**INFORMATION PROVIDED**.

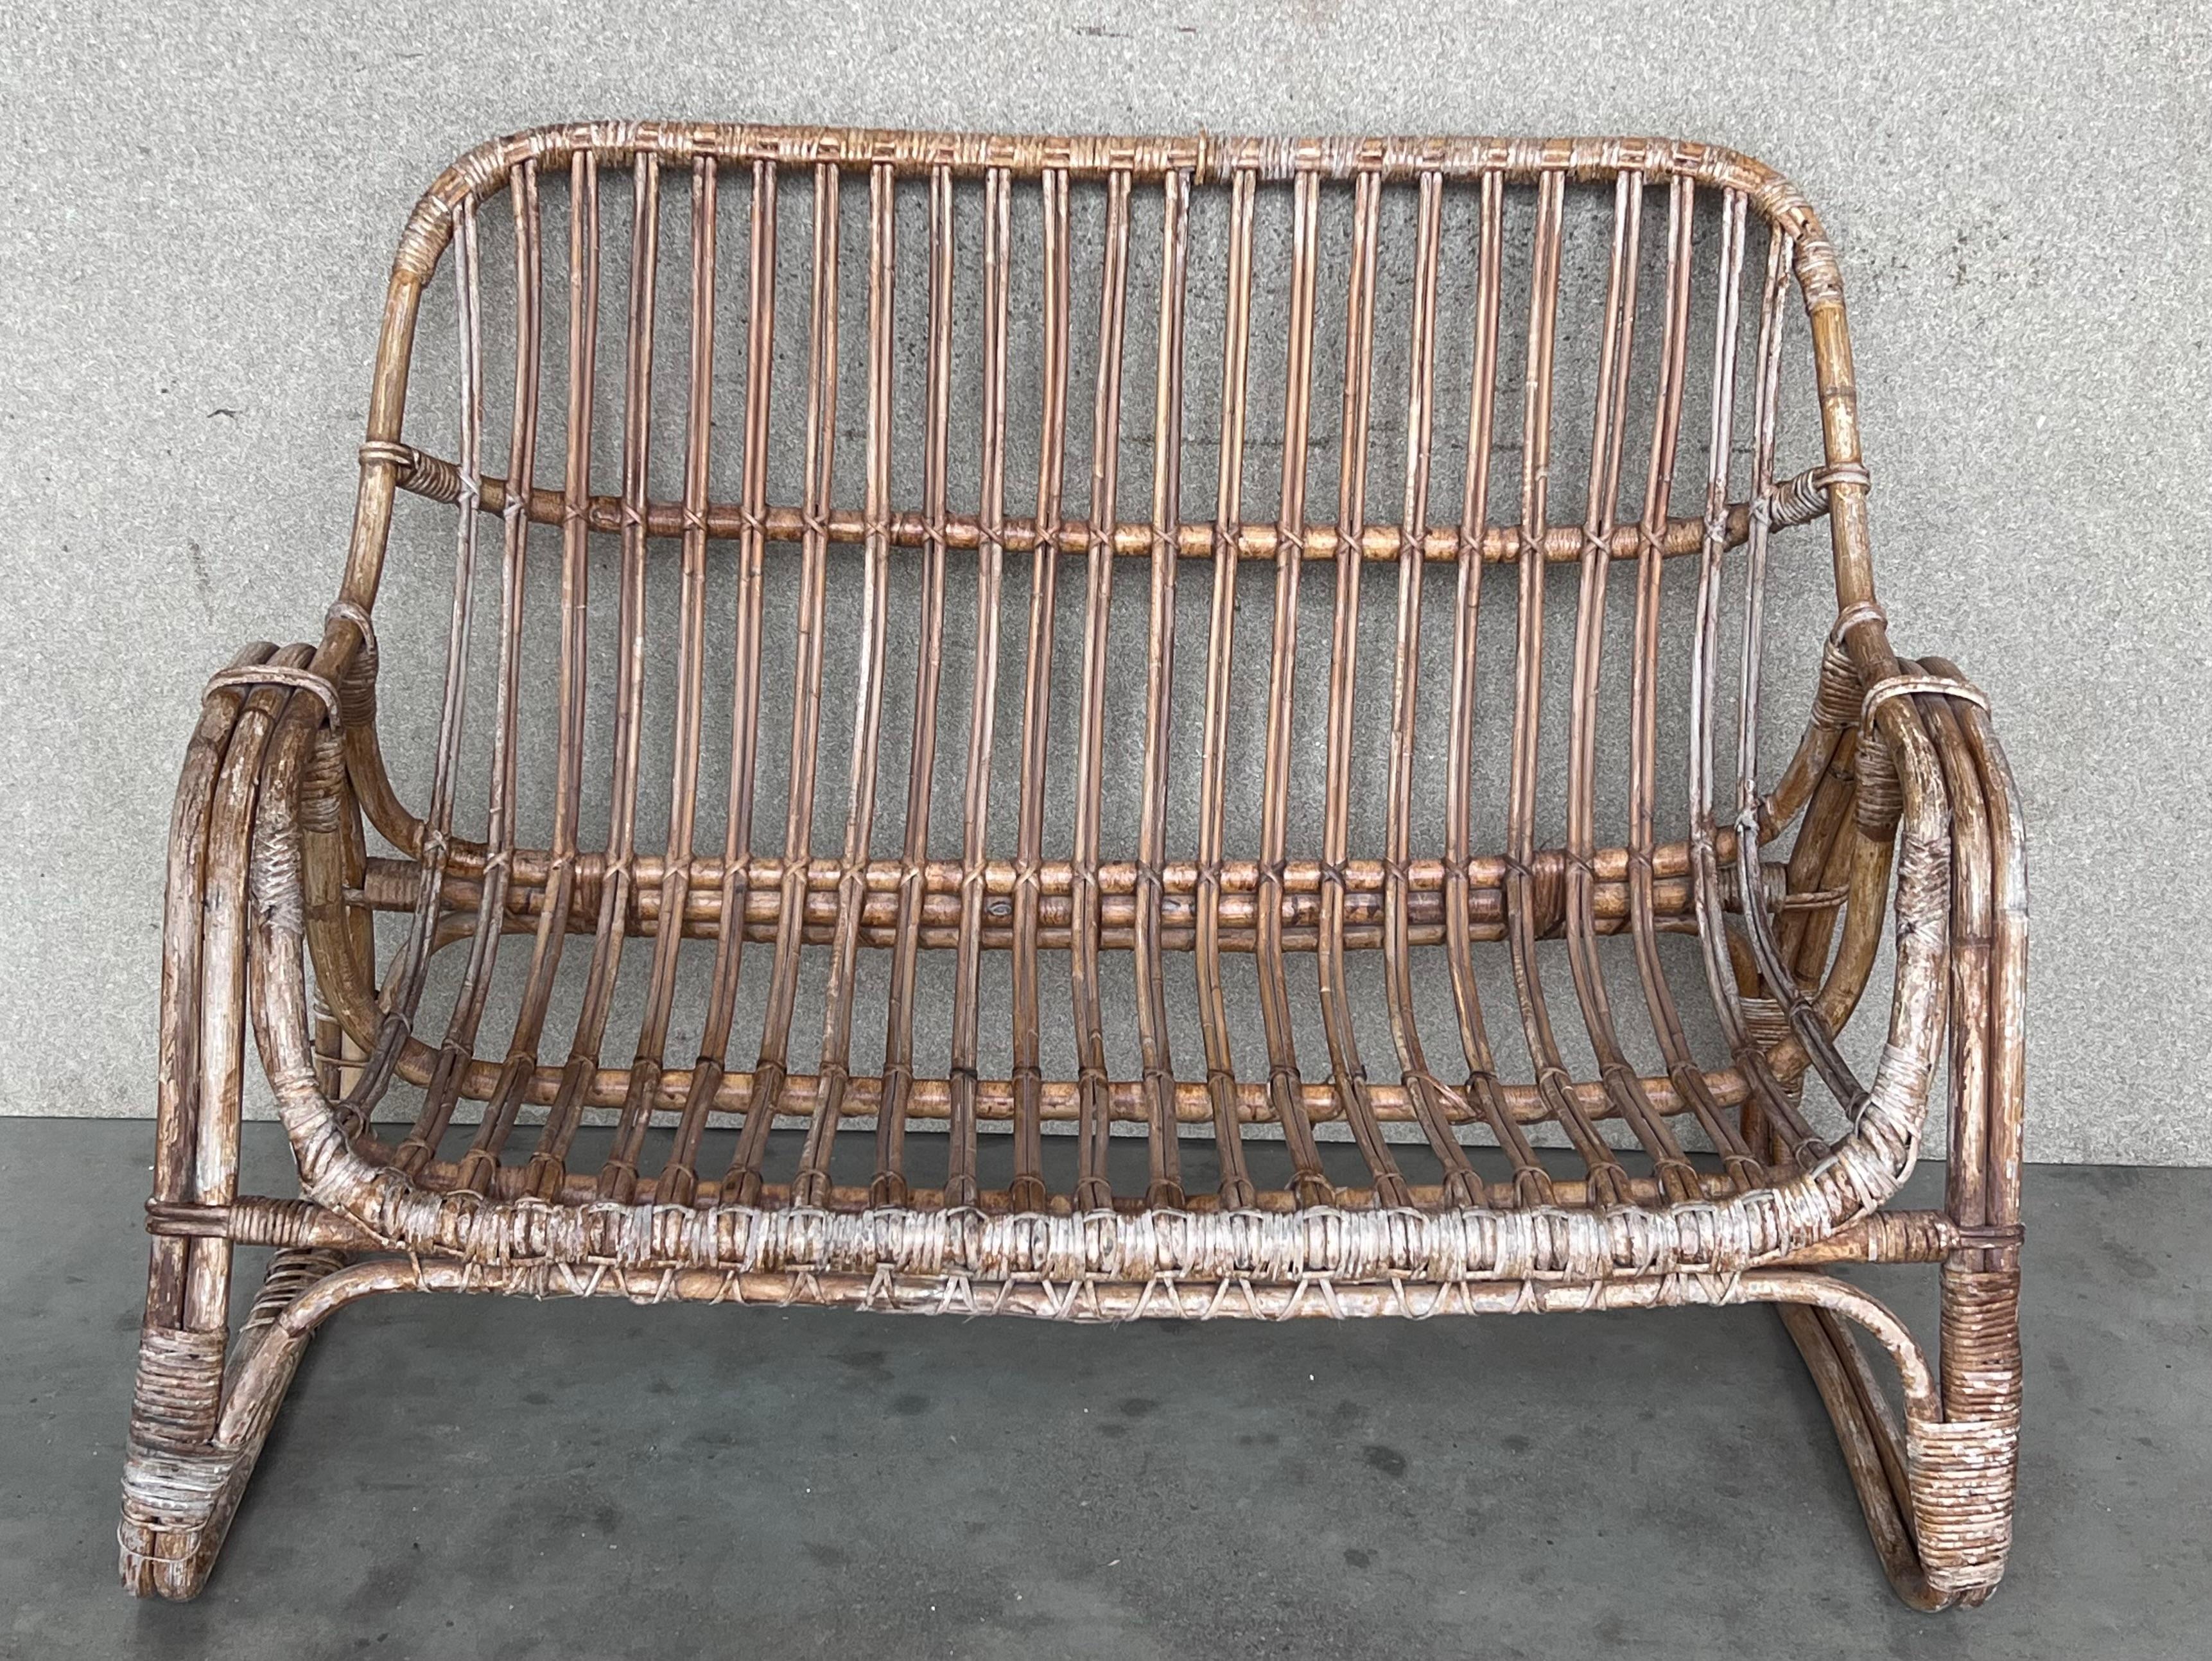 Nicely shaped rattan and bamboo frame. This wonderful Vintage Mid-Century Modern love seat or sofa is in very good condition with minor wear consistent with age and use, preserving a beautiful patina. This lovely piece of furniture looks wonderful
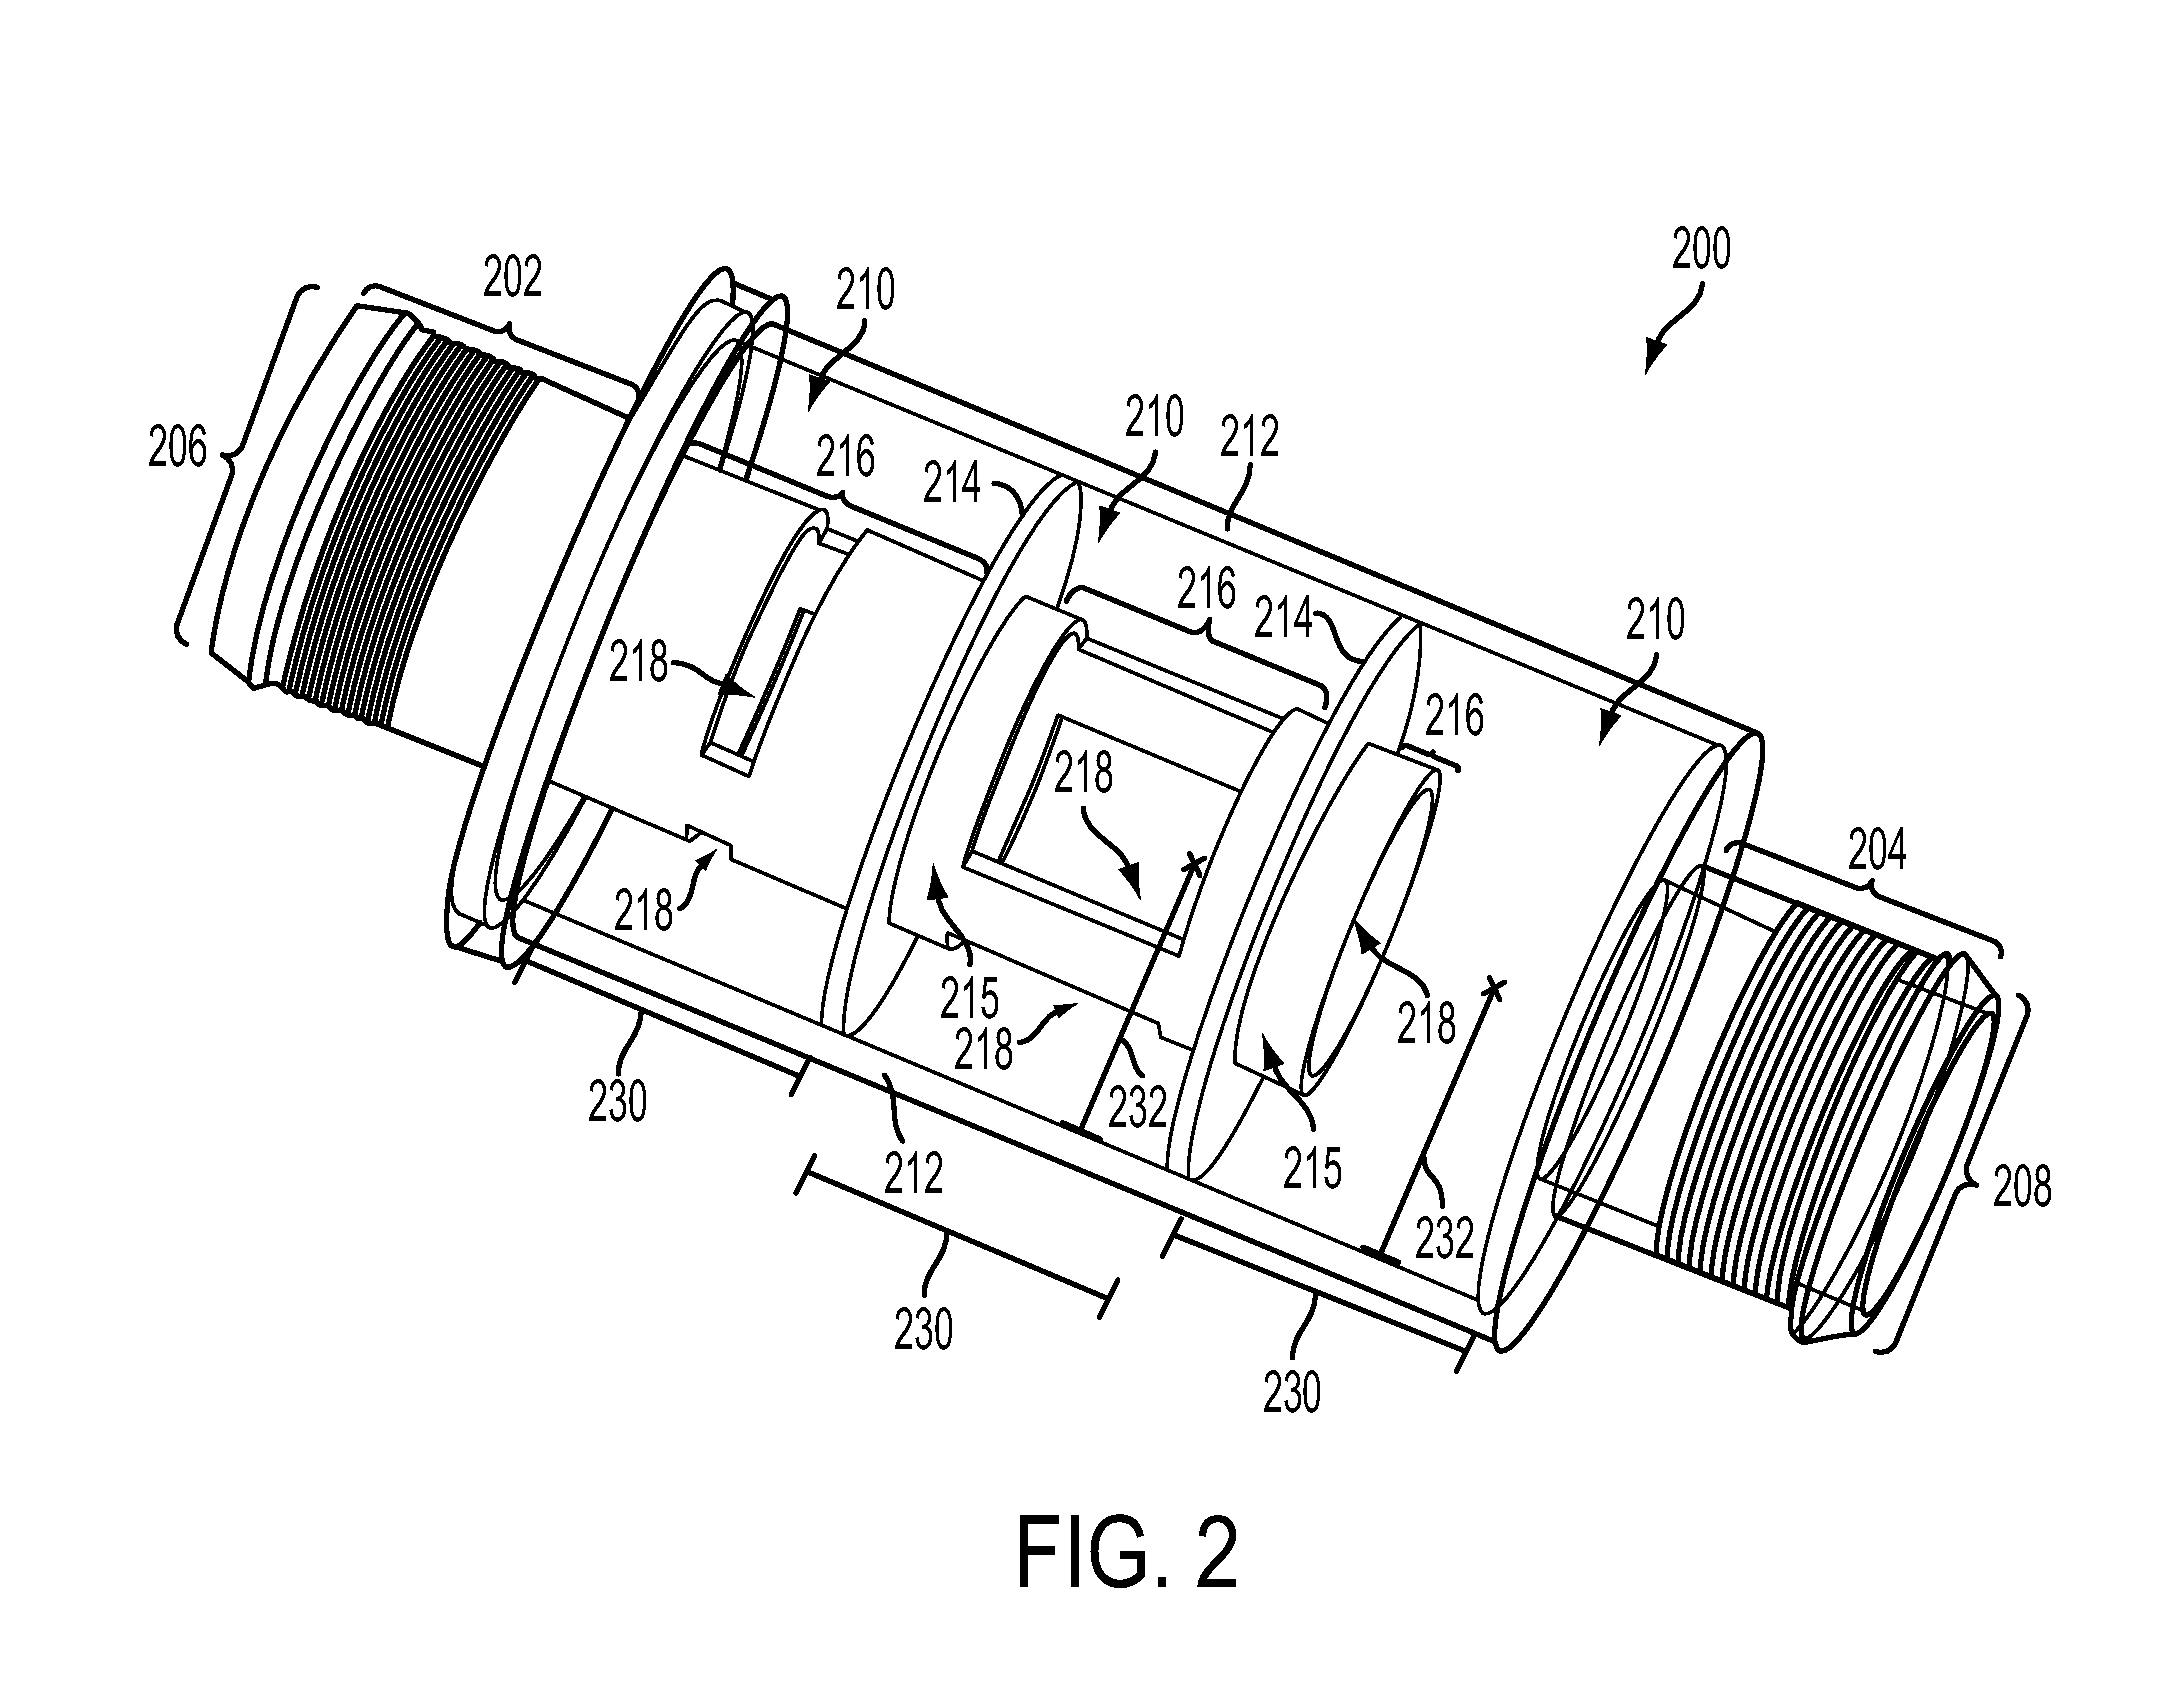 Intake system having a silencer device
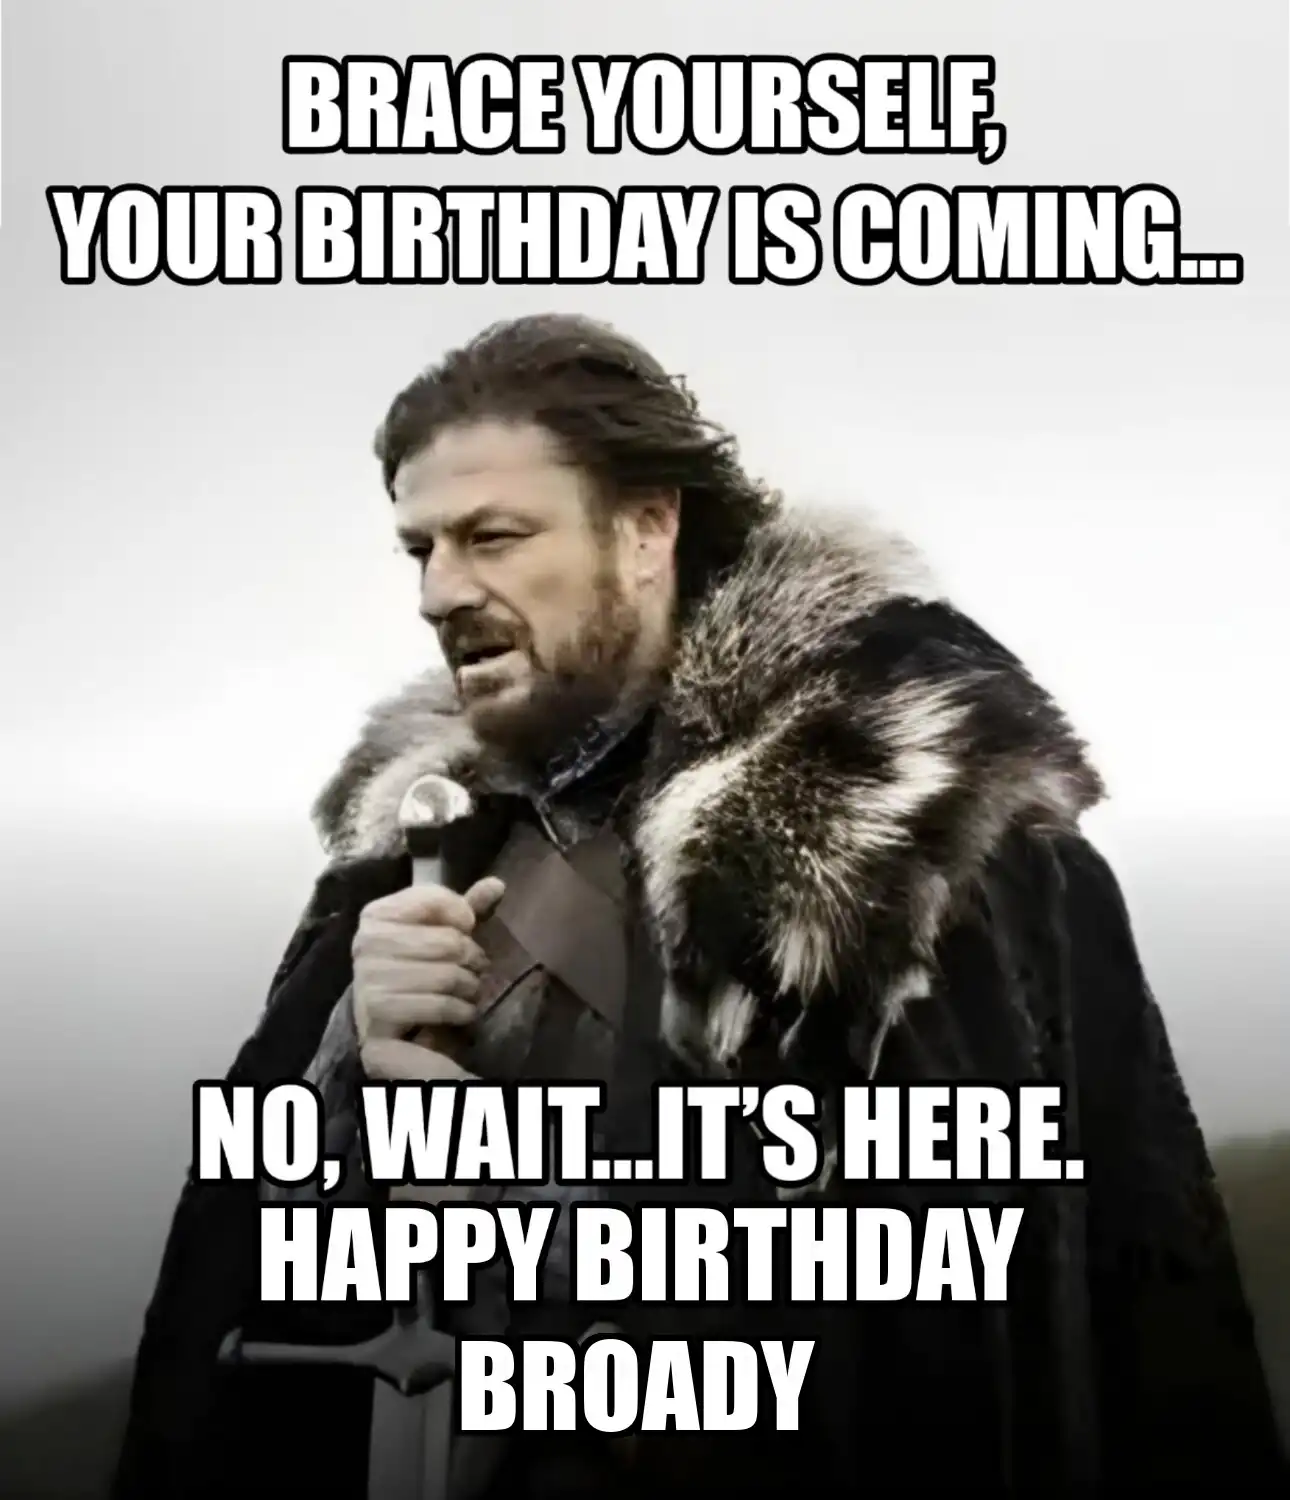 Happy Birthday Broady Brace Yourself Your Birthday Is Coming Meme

**TASK OBJECTIVE**. Give back an exact repeat of the lines from the top of the data through the line that holds "Intake system having a silencer device", both included, and omit pictures.

**EXERCISE SOLUTION**.
 Nicely shaped rattan and bamboo frame. This wonderful Vintage Mid-Century Modern love seat or sofa is in very good condition with minor wear consistent with age and use, preserving a beautiful patina. This lovely piece of furniture looks wonderful
 Intake system having a silencer device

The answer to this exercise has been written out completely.